An interesting little command is zip
: we can use it to create a dictionary
from two arrays, one with the keys and one with the values:
mus_zip = Dict(zip(mus_keys, mus_values))
Dict{String, String} with 10 entries:
"phylum" => "Chordata"
"vernacular" => "House mouse"
"family" => "Muridae"
"genus" => "Mus"
"subgenus" => "Mus"
"class" => "Mammalia"
"order" => "Rodentia"
"authority" => "L. 1758"
"kingdom" => "Animalia"
"species" => "musculus"
The final data structure related to dictionaries is the Pair`. A pair associates one key to one value:
pair_one_two = 1 => 2
1 => 2
We can use a different notation as well:
pair_one_two_take_2 = Pair(1,2)
1 => 2
The elements of a pair can be accessed using first
and last
:
first(pair_one_two)
1
last(pair_one_two)
2
Why are we talking about pairs here? Because dictionaries are simply a series of pairs wearing a trench coat:
eltype(collect(mus_musculus))
Pair{String, String}
We can collect
a dictionary into a vector of Pair
, but more importantly,
we can create a dictionary from a vector of pairs. This is, indeed, what
we have done when we created the mus_musculus
variable.
A final noteworthy information is that we can expand dictionaries, by adding keys:
mus_musculus["IUCN"] = "least concern"
"least concern"
This is also more properly expressed as:
setindex!(mus_musculus, "IUCN", "least concern")

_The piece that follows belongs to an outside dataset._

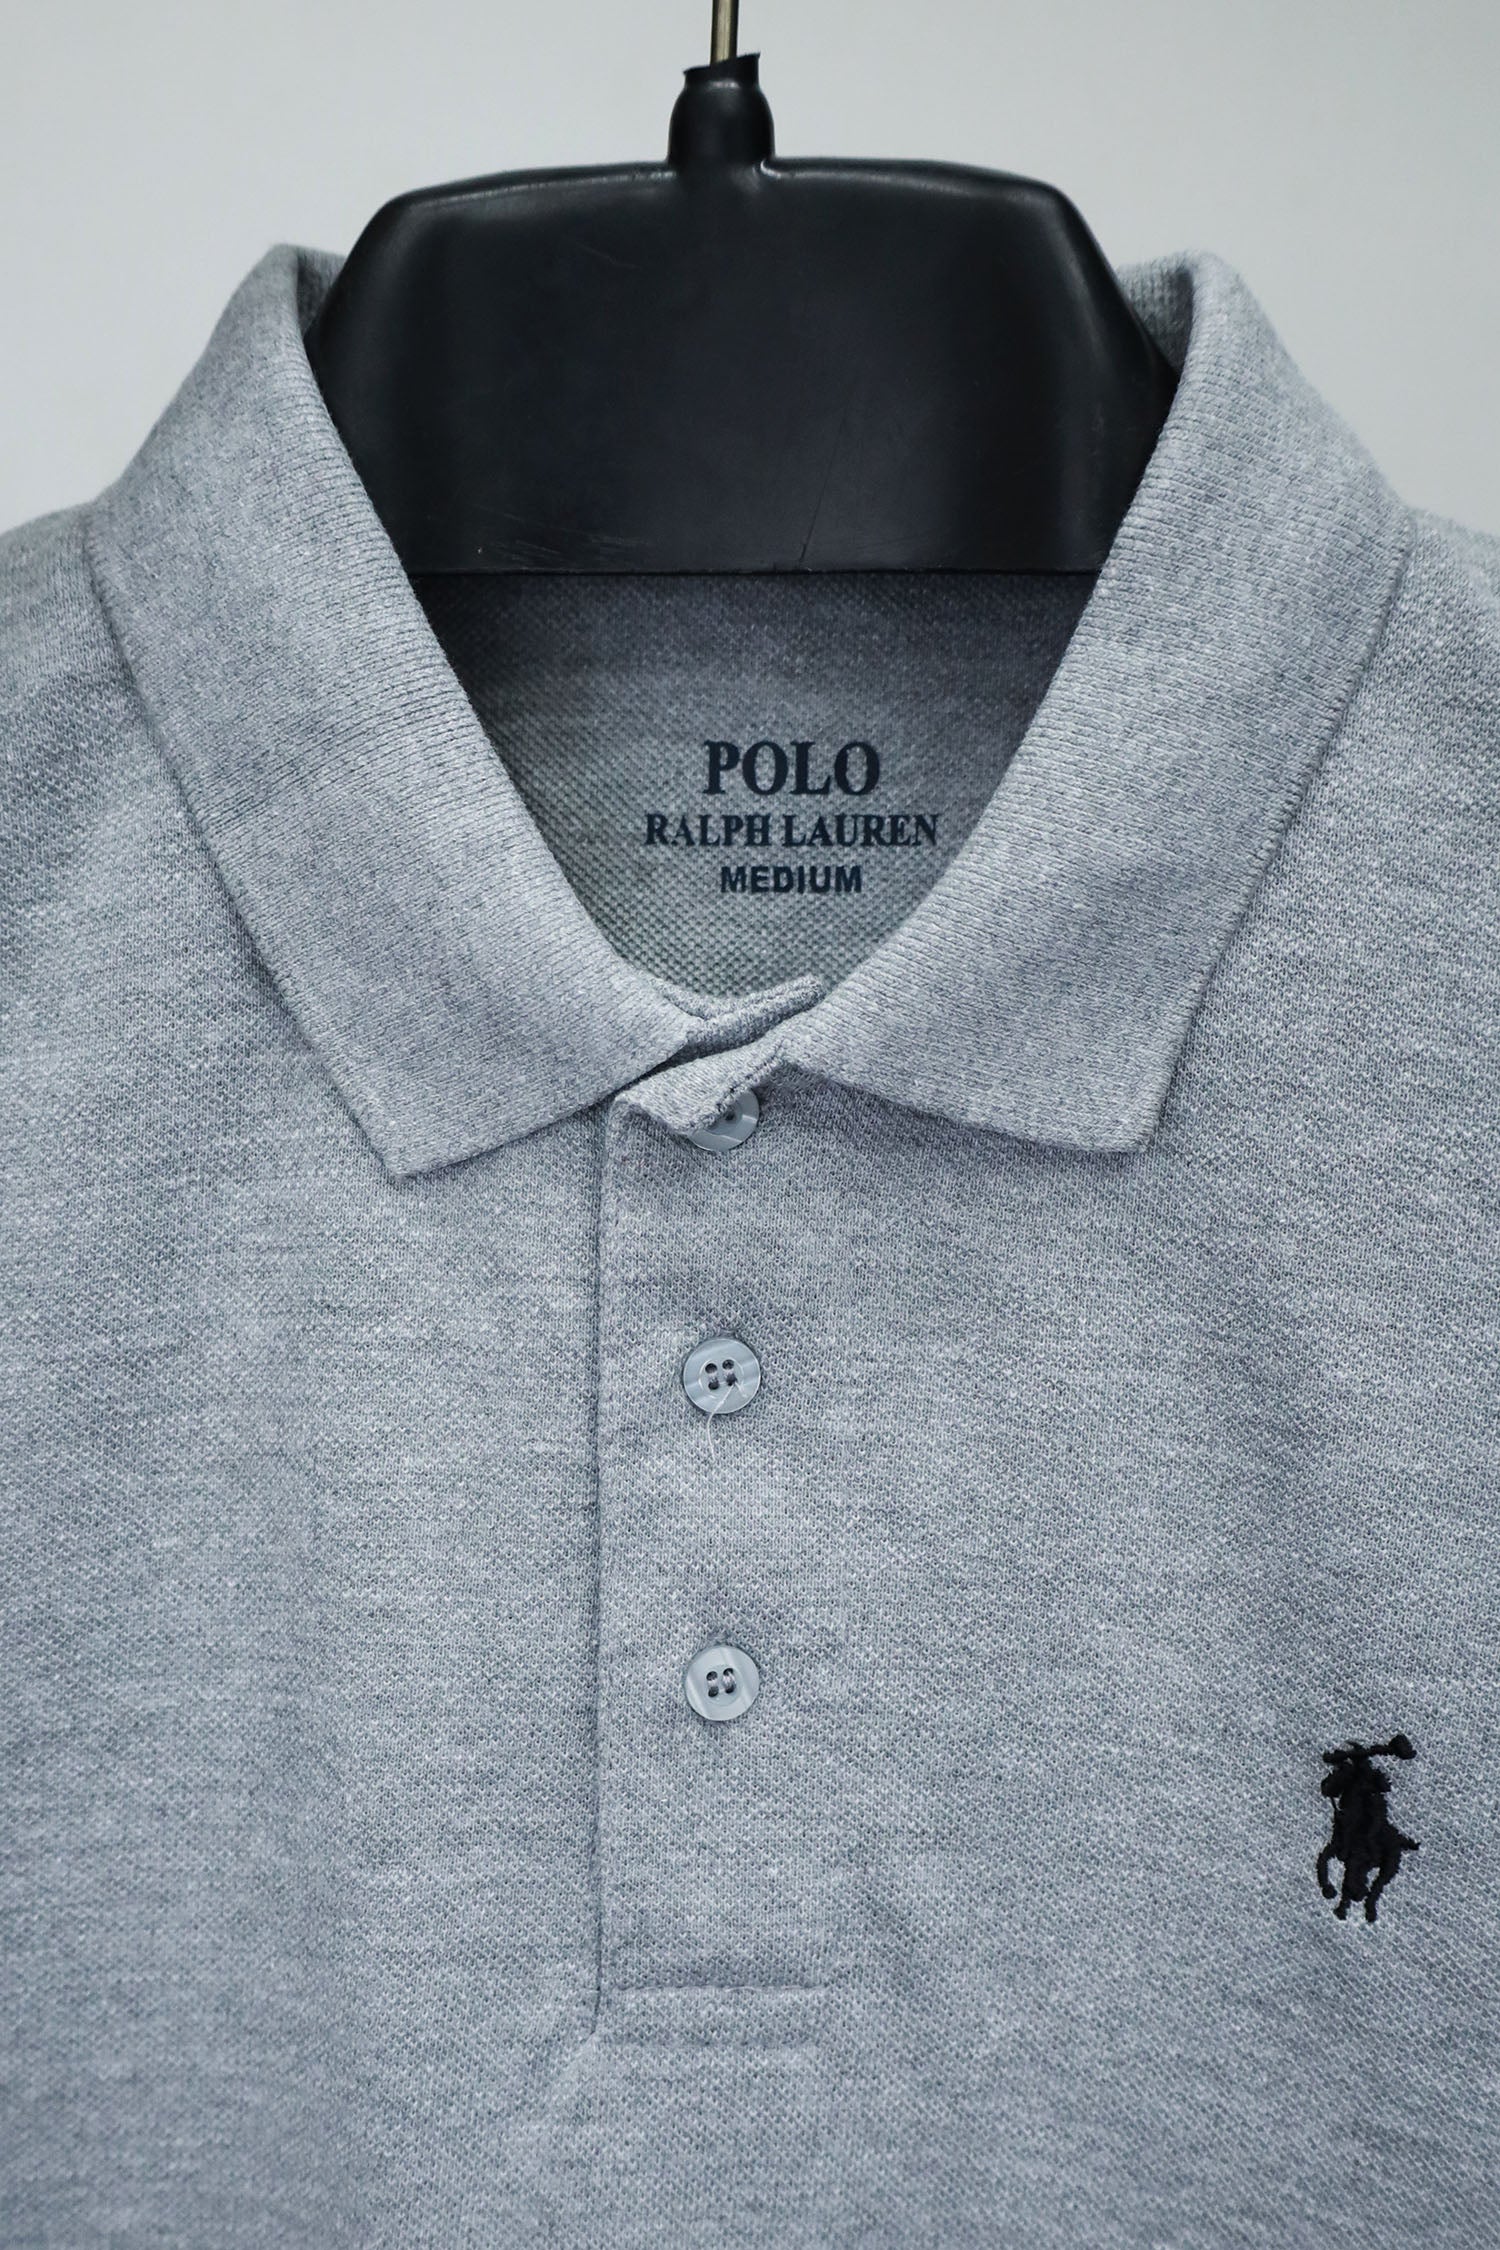 Rlph Lurn Embroidered Logo Plain Polo Shirt

Dict{String, String} with 12 entries:
"family" => "Muridae"
"subgenus" => "Mus"
"genus" => "Mus"
"least concern" => "IUCN"
"vernacular" => "House mouse"
"IUCN" => "least concern"
"class" => "Mammalia"
"kingdom" => "Animalia"
"species" => "musculus"
"phylum" => "Chordata"
"authority" => "L. 1758"
"order" => "Rodentia"
And we can, similarly, remove information from a dictionary:
delete!(mus_musculus, "subgenus")
Dict{String, String} with 11 entries:
"family" => "Muridae"
"genus" => "Mus"
"least concern" => "IUCN"
"vernacular" => "House mouse"
"IUCN" => "least concern"
"class" => "Mammalia"
"kingdom" => "Animalia"
"species" => "musculus"
"phylum" => "Chordata"
"authority" => "L. 1758"
"order" => "Rodentia"
Note that this function does not throw an exception if we try to delete a
key that does not exist. If we want to delete a key but keep track of its
value, the right function to use is pop!
:
mus_iucn_status = pop!(mus_musculus, "IUCN", nothing)
"least concern"
This will remove the key from the dictionary, but save the value to a variable. The third argument specifies what should be returned if the key doesn’t exist, in order to avoid an exception:
pop!(mus_musculus, "IUCN", nothing)
In summary, pairs and dictionaries are extremely useful data structures when there is a need to associate a value with a more memorable name. They have a lot of uses when, for example, storing the parameters of a model, or reading JSON files.